# Olympics CSV Data Cleaning

In [1]:
# snippet to download the data file the first time
import os.path  # library for working with local directories

filename = 'olympics.csv'
url = r"https://github.com/realpython/python-data-cleaning/raw/master/Datasets/olympics.csv"

if not os.path.isfile(filename):  # if filename doesn't exist in current directory...
    import urllib.request  # library for making web requests
    
    # Download the file from `url` and save it locally under `filename`:
    urllib.request.urlretrieve(url, filename)
    print(filename, 'downloaded')
    
else:
    print(filename, 'already present')

olympics.csv already present


The new CSV file should contain the following columns:

0) `entry` - entry number (start at 1)

1) `name` - country/team name, with no codes/abbreviations

2) `code` - 3-letter/number country code, no parentheses

3) `01 ! combined` - # first place finishes/gold medals in summer + winter combined

4) `02 ! combined` - silver

5) `03 ! combined` - bronze

6) `? games` - total number of olympics (summer + winter combined)
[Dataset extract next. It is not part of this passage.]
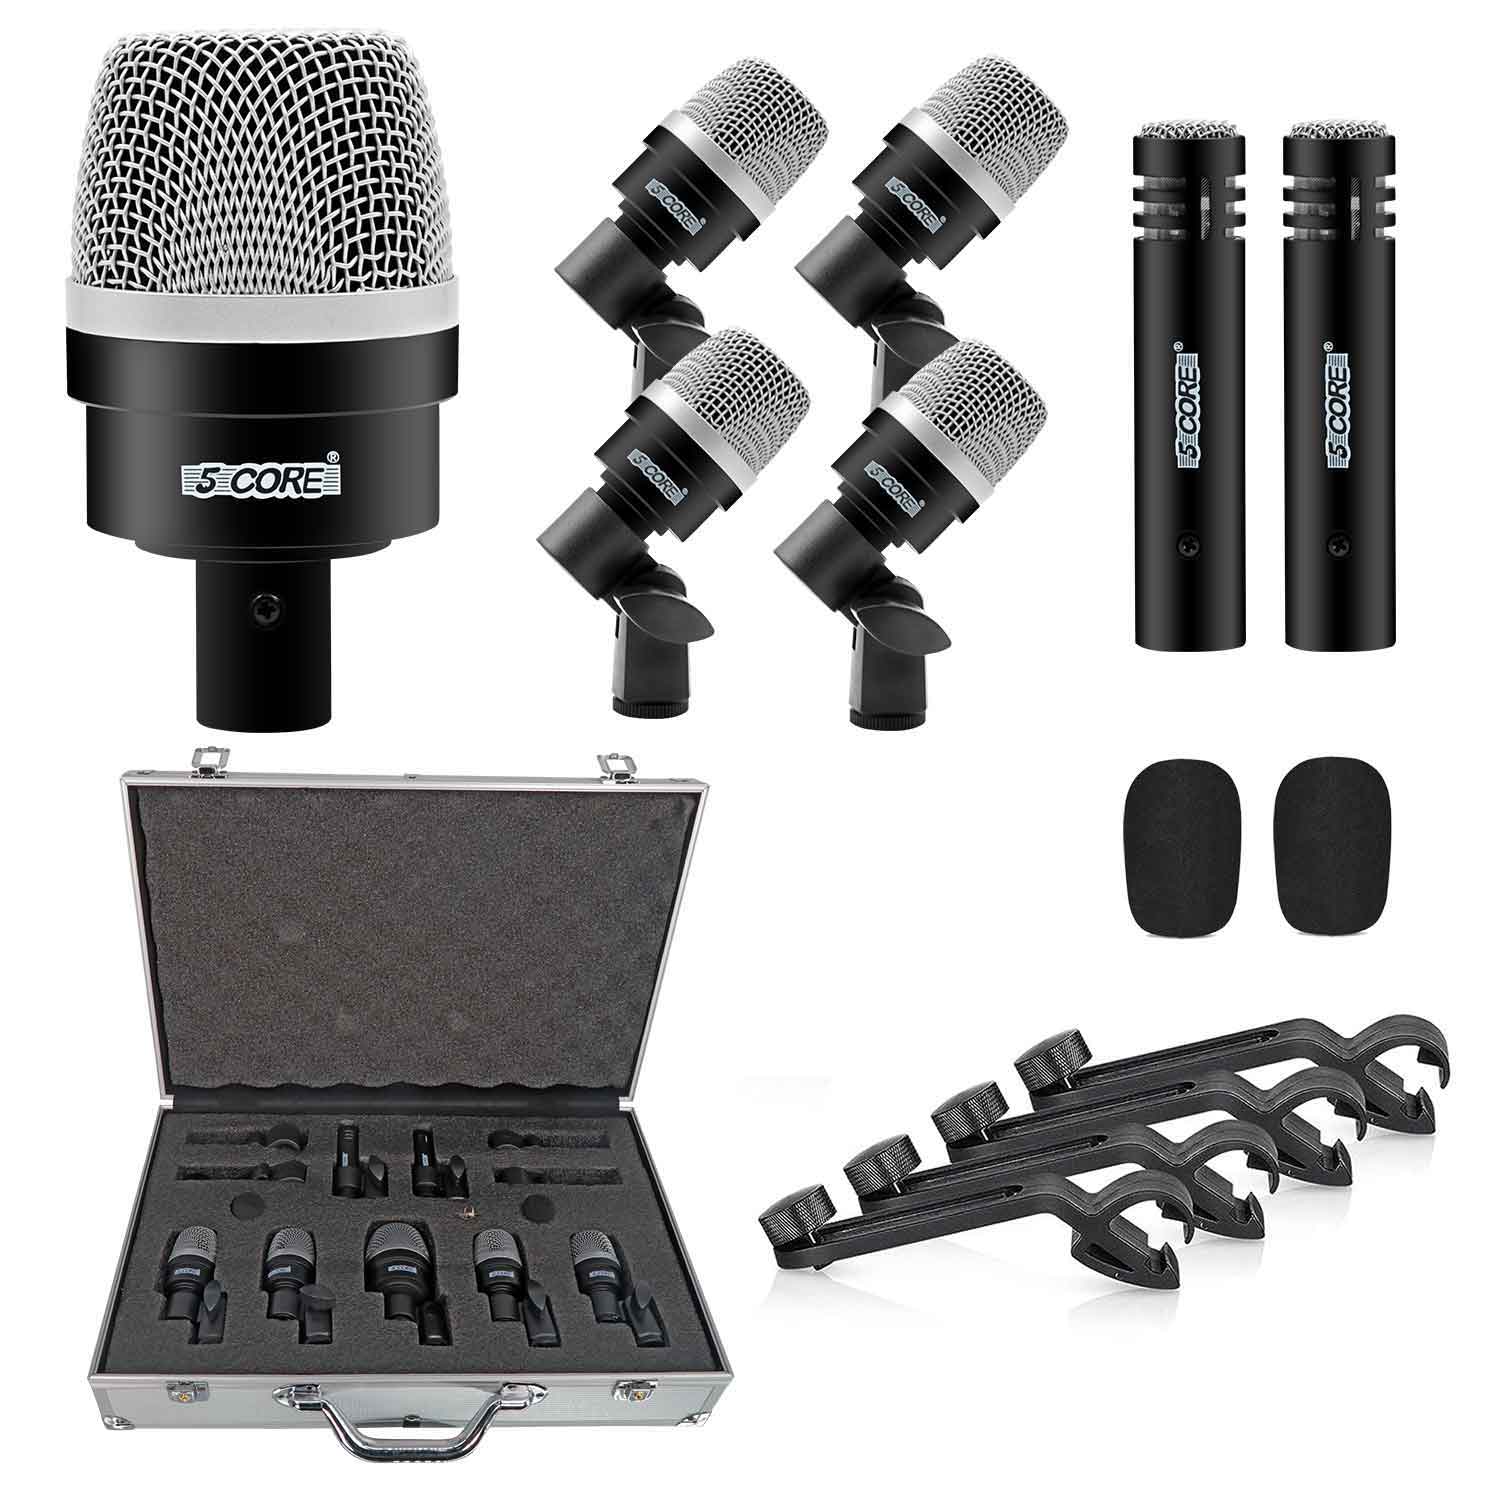 Professional drum microphone set for capturing every nuance of drum performance.

7) `winter` - *no* if the team has never played in a Winter Olympics, *yes* otherwise

(8 columns in all)
 
* teams should be sorted by their 3-letter/number code, *not* their full name


Looking at a correct output file in a plain text editor, the first two rows should be as follows:

`entry,name,code,01 ! combined,02 ! combined,03 ! combined,? games,winter
1,Afghanistan,AFG,0,0,2,13,False`

In [7]:
import pandas as pd
import re
pd.options.mode.chained_assignment = None # default='warn'

def process_olympics_data(input_filename, output_filename='output.csv'):
    """Modifies the given 'olympics.csv' file into the specifications laid out above.
       
       Input: This def takes the name of the file to be modified, and the user specifies the name of the file it will output
       
       Returns: A csv file of the given specifications
    """
    #sets the columns from the original csv that we care about
    col_list = ["0","6","11","12","13","14"]
    #gives a new column name to importanted columns since we are removing the headers on import
    new_col_list = ["name","winter","? games","01 ! combined","02 ! combined","03 ! combined"]
    #import and read the given csv file, uses the above objects to exactract only what is needed
    csvf = pd.read_csv(input_filename, skiprows=2, skipfooter=1, usecols=[0,6,11,12,13,14], names=new_col_list)
    csvf["entry"] = range(1, len(csvf)+1)              #adds "entry" column and gives it a range
    csvf["code"] = range(1, len(csvf)+1)               #adds "code" column and gives it a notional range, replaced later

    a = csvf['name']                                   #picks a column to use as an index for the loop, could be any column
    for i in range(len(csvf)):
        a_it = a[i]                                    #recreates a workable object each iteration
        b_it = a_it.split(" [",1)[0]                   #splits each entry so that nothing after the country code is used

        inp = re.findall((r"\((.*?)\)"), b_it)         #searches and displays the country code from inside the parenthesis
        csvf["code"][i]=inp[0]                         #places the country code in the code column

        inp2 = re.sub(r"(.*?)\s?\(.*?\)", r"\1", b_it) #searches and displays the country name
        csvf["name"][i]=inp2[0:len(inp2)]              #places the country name in the names column

        if int(csvf['winter'][i])>0:                   #this if/else replaces the winter numbers with no or yes based on
            csvf['winter'][i] = "True"                 #whether the number was 0 or not.
        else:                                          
            csvf['winter'][i] = "False"

        #rearrange the columns into the proper order
        output = csvf[["entry","name","code","01 ! combined","02 ! combined","03 ! combined","? games","winter"]]
    return output.to_csv('output.csv', index=False)

In [8]:
process_olympics_data('olympics.csv')
#Output file will be in the same directory as this file